Please return the listing exactly as it stands, skipping any pictures.
*** Opening of DATA SECTION ***
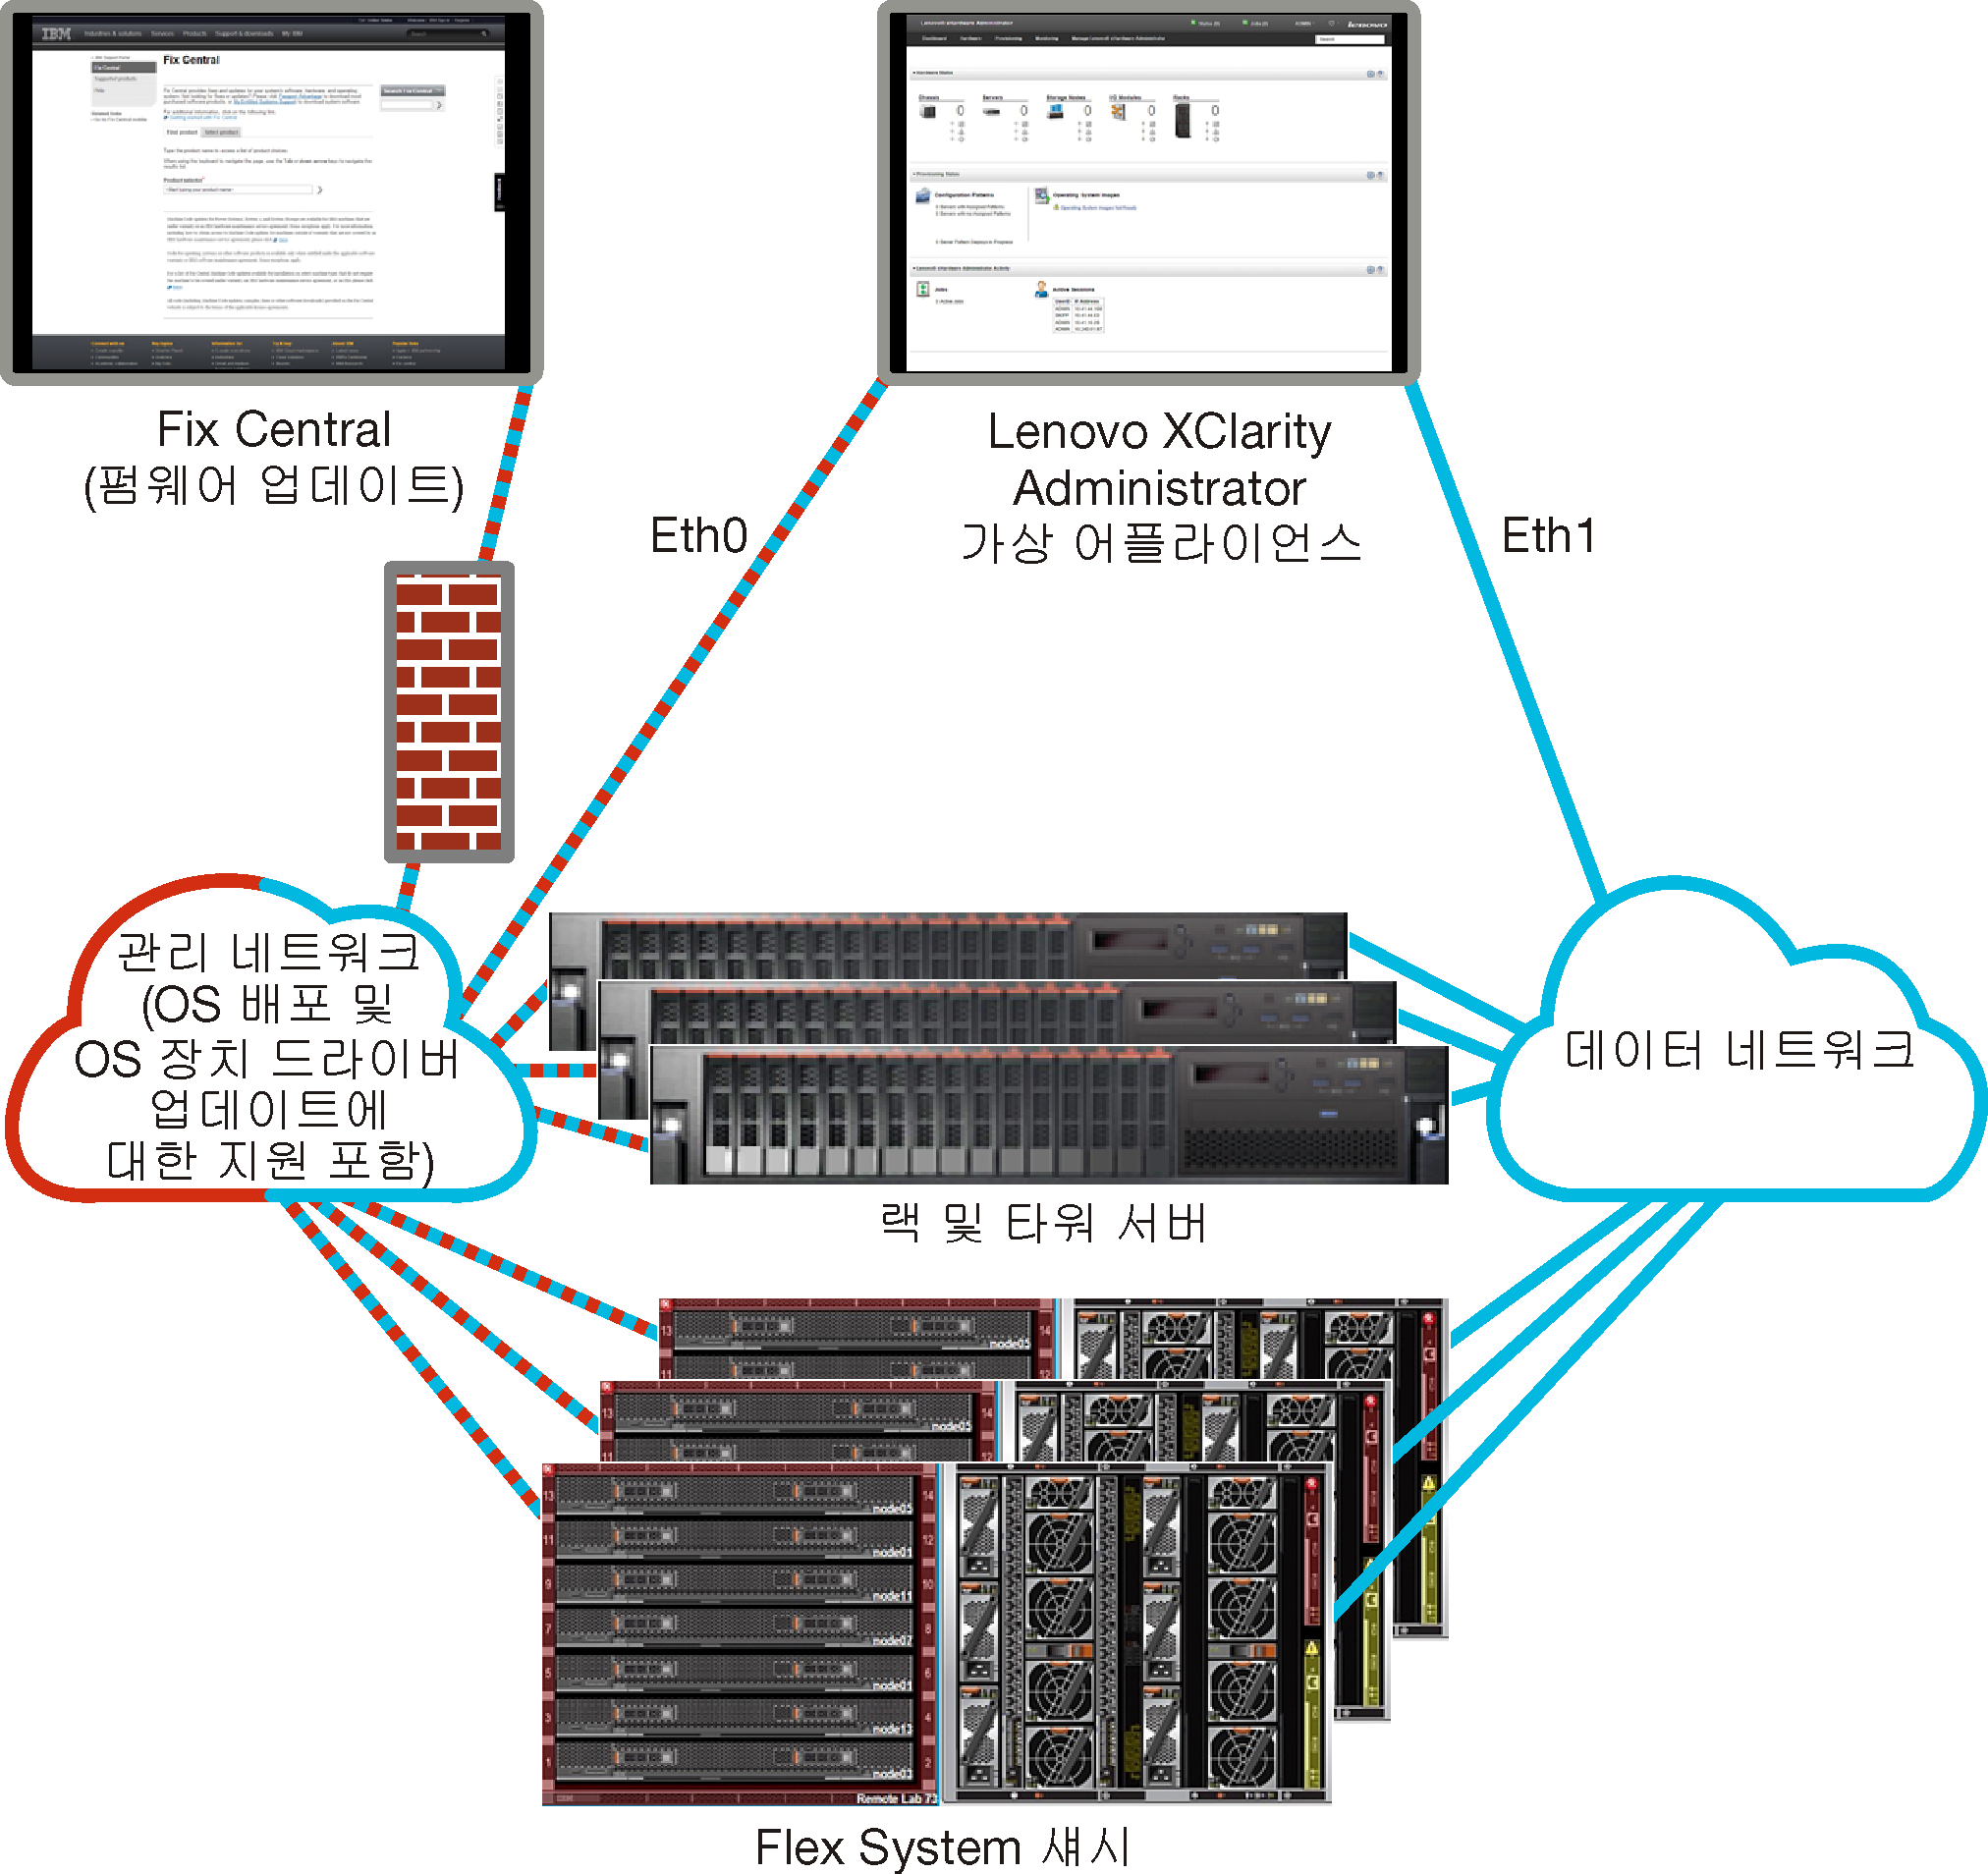 분리된 데이터 및 관리 네트워크의 상위 레벨 보기를 표시하는 그래픽입니다. 운영 체제 배포 네트워크는 관리 네트워크의 일부로 설정됩니다.
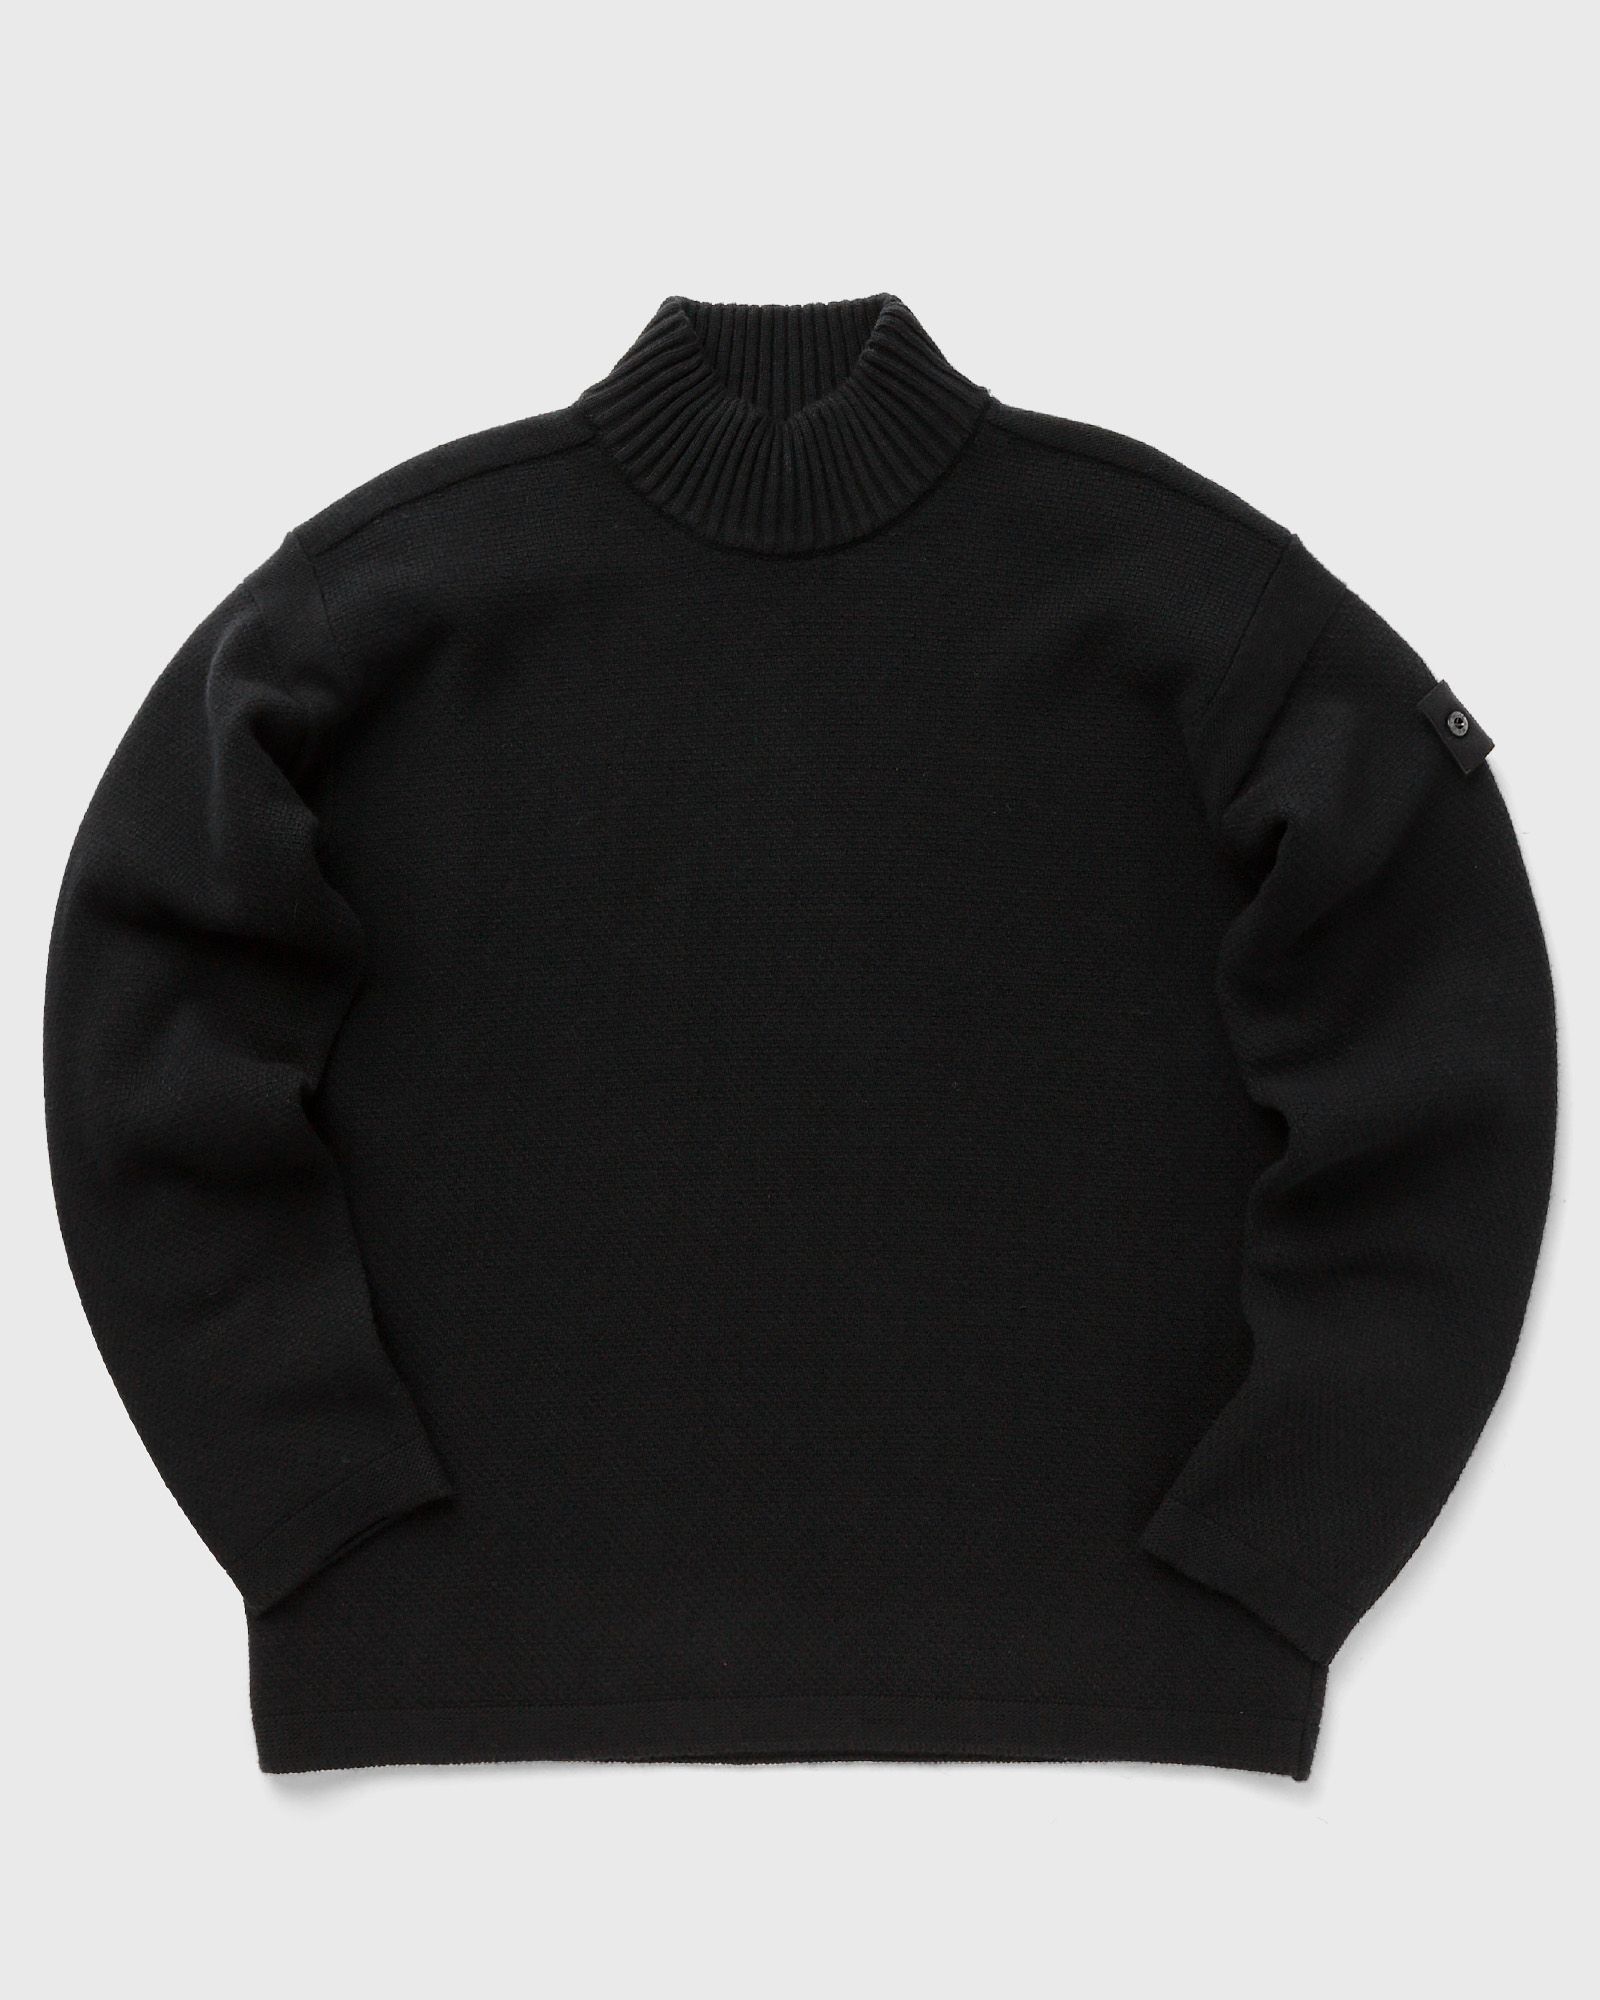 Stone Island - knitwear geelong wool_  ghost pieces men pullovers black in größe:s
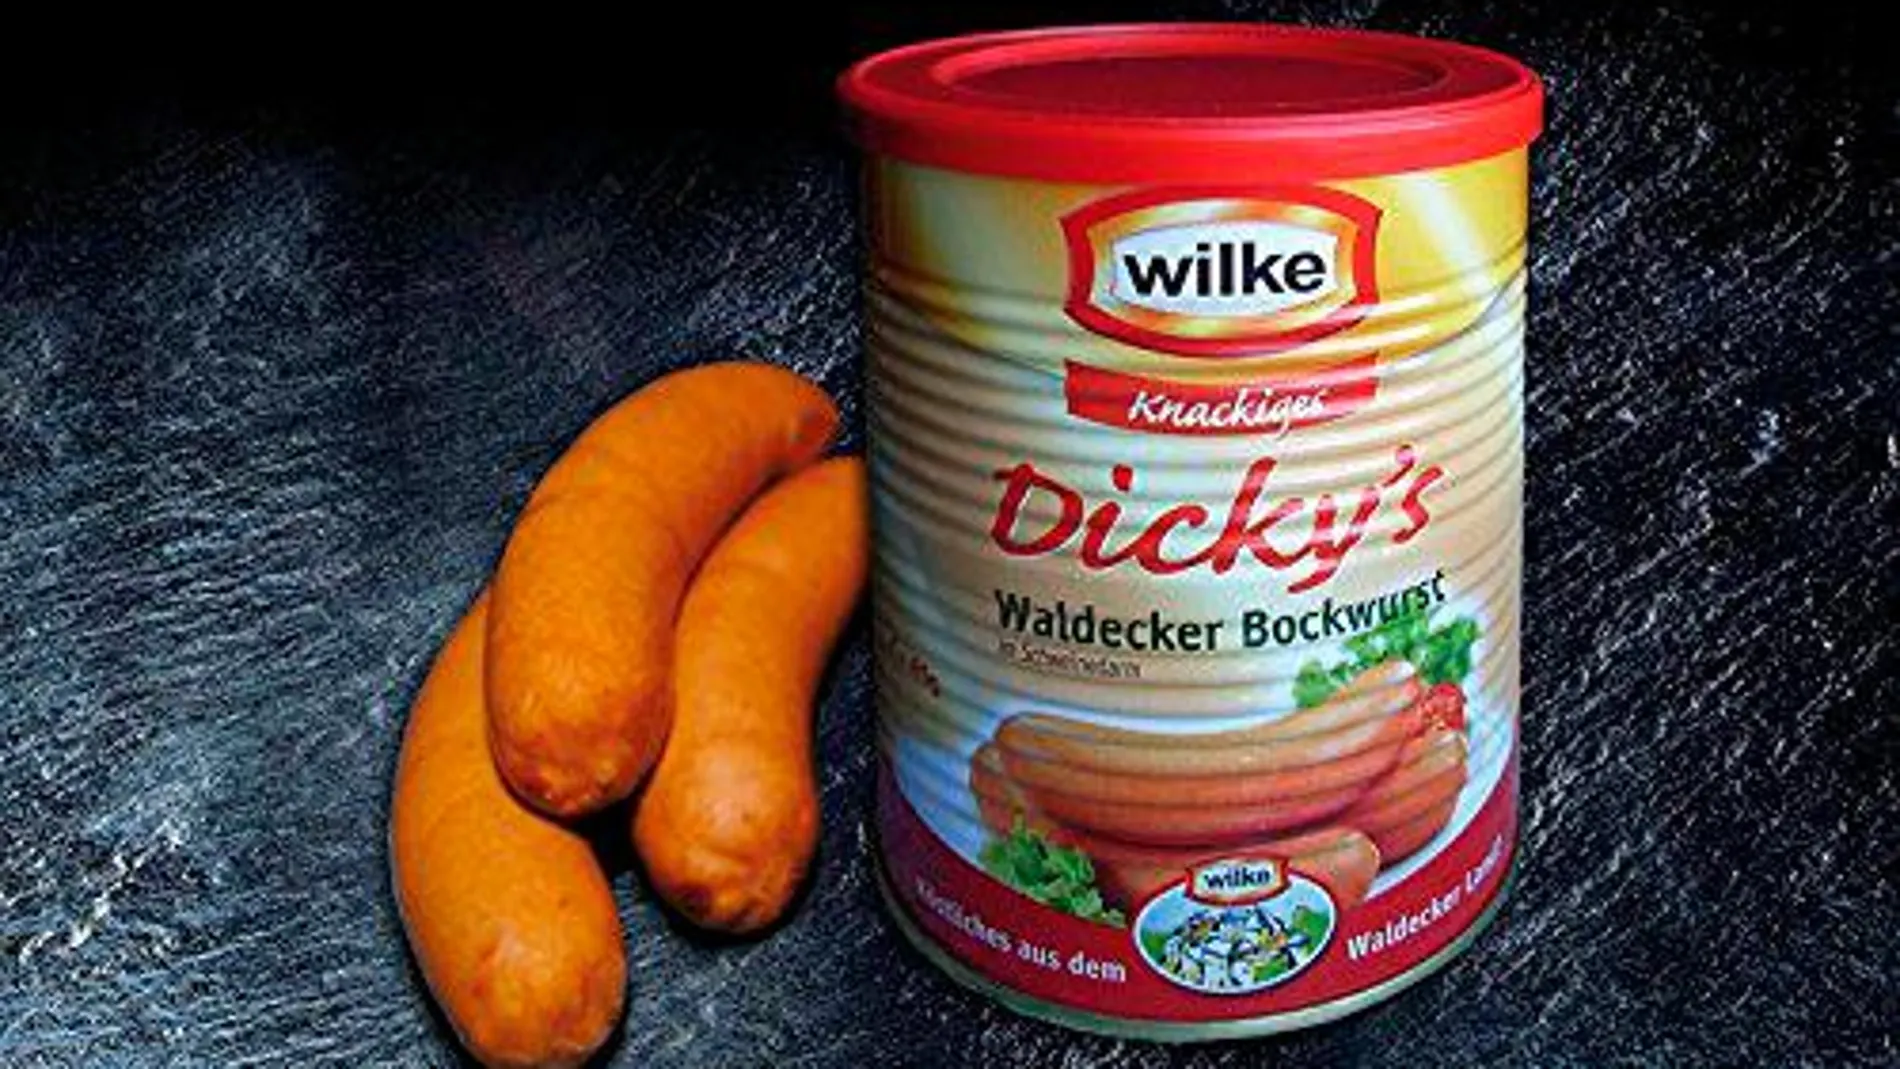 La lista de productos cárnicos de la marca Wilke incluye diferentes tipos de salchichas
*** Close of DATA SECTION ***
◆ EXERCISE SOLUTION
 분리된 데이터 및 관리 네트워크의 상위 레벨 보기를 표시하는 그래픽입니다. 운영 체제 배포 네트워크는 관리 네트워크의 일부로 설정됩니다.
 Stone Island - knitwear geelong wool_  ghost pieces men pullovers black in größe:s
 La lista de productos cárnicos de la marca Wilke incluye diferentes tipos de salchichas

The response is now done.